Especially vexing to these advertisers is the idea that they might actually get penalized for showing up more frequently:
“An executive at one CPG marketer recently noted how perverse the search-pricing model has become for the industry.
‘It used to be that impressions weren’t in the pricing model,” he said. But Google eventually incorporated them in a roundabout way, he said.
‘If you get too many impressions without getting clicks, the price goes up, or they kick out off completely,’ he said. ‘So they thwarted with their pricing model the window we had to actually deliver impressions…because of course it makes their revenue go up. But that makes our value go down – for everybody in package goods.’

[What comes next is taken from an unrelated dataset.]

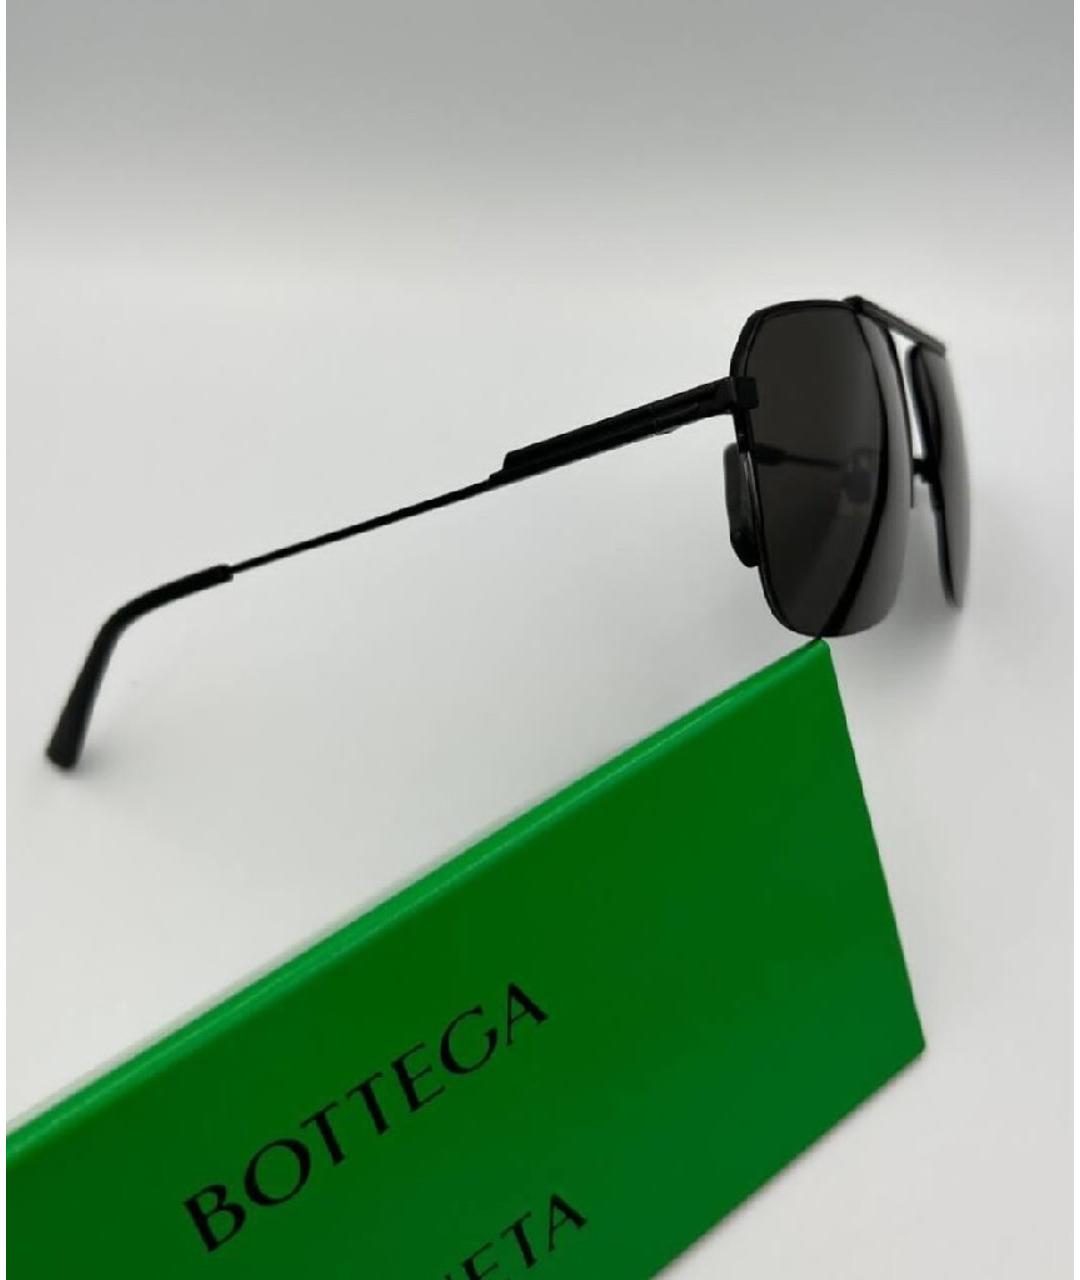 BOTTEGA VENETA Черные металлические солнцезащитные очки, фото 5

He said the company had purposely tried to maximize impressions while minimizing clicks in search ads, though he termed that ‘smart buying’, not ‘gaming the system’.”
To me, this approach seems completely wrongheaded.
Search ads absolutely contribute to branding - having a brand show up in a prominent place on Google or Yahoo’s results page draws a big mental connection between the query and the company. But simply showing up in search isn’t valuable. The ad placement isn’t really where the value is. It’s in the click. The click is what transforms a branding opportunity.
When a person visits a search engine, it’s not because they want to read a bunch of company listings side by side. It’s typically because they want to visit a site that can offer useful information to a question or need they have. The ad itself doesn’t have much value… it’s all about context and intent. “Does this ad answer my question? Let’s click through and find out.” After the click, the user makes a decision about the relevance of the result, and therefore the brand.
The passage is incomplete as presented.